The older I get, the more impatient I become with women who are evasive about their age, or spend all their time and money trying to look dramatically younger. It’s fine not to embrace the toasty slippers and lady-whiskers end of things too early, but it is also silly to pretend they’re not somewhere out there on the horizon. We laugh at middle-aged men with penis-extension cars — or penis-extension rockets, these days — but there is something nearly as absurd about women with youth-extension breasts or hair or lips or faces. It is a phenomenon that, cruelly, happens overnight, at the hard-to-predict tipping point where people’s excellent and effective cosmetic tweakments suddenly veer from “You look great” to “Oh”.

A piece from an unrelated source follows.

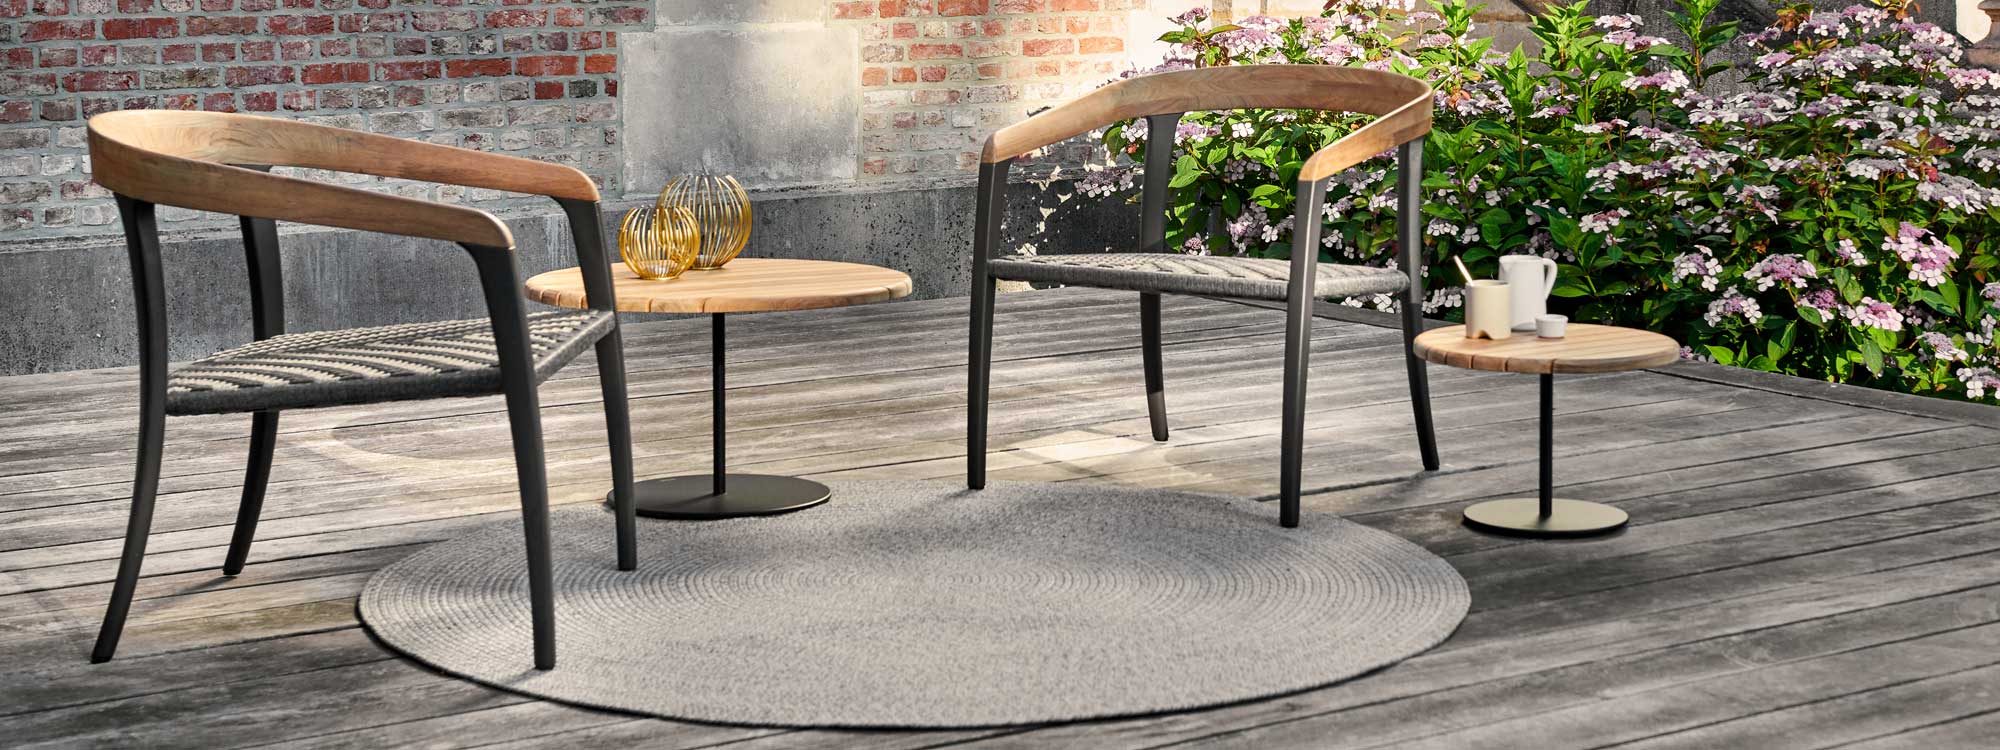 Butler outdoor side tables are modern garden low tables in high quality garden furniture materials by Royal Botania all-weather furniture

The fact is, ageing is wonderful — until, at some point, it isn’t. That’s why it’s so important to rejoice in and celebrate its benefits (grandchildren aside, you’ve lived a lot of life, you know a lot of stuff, and this combination is practically a magic power) before they are overridden with gloomier concerns about physical health or straying marbles.

It isn’t, in my view, discriminatory to call a grandmother a grandmother, and I don’t think it was in Dopson’s view either. What she disliked were the doddery/decrepit or rotund/cosy associations she, and much of society, make with the word, and which bear little relation to modern women’s lives. The way to cope with that is to make better ones, and let them roam free until they take root.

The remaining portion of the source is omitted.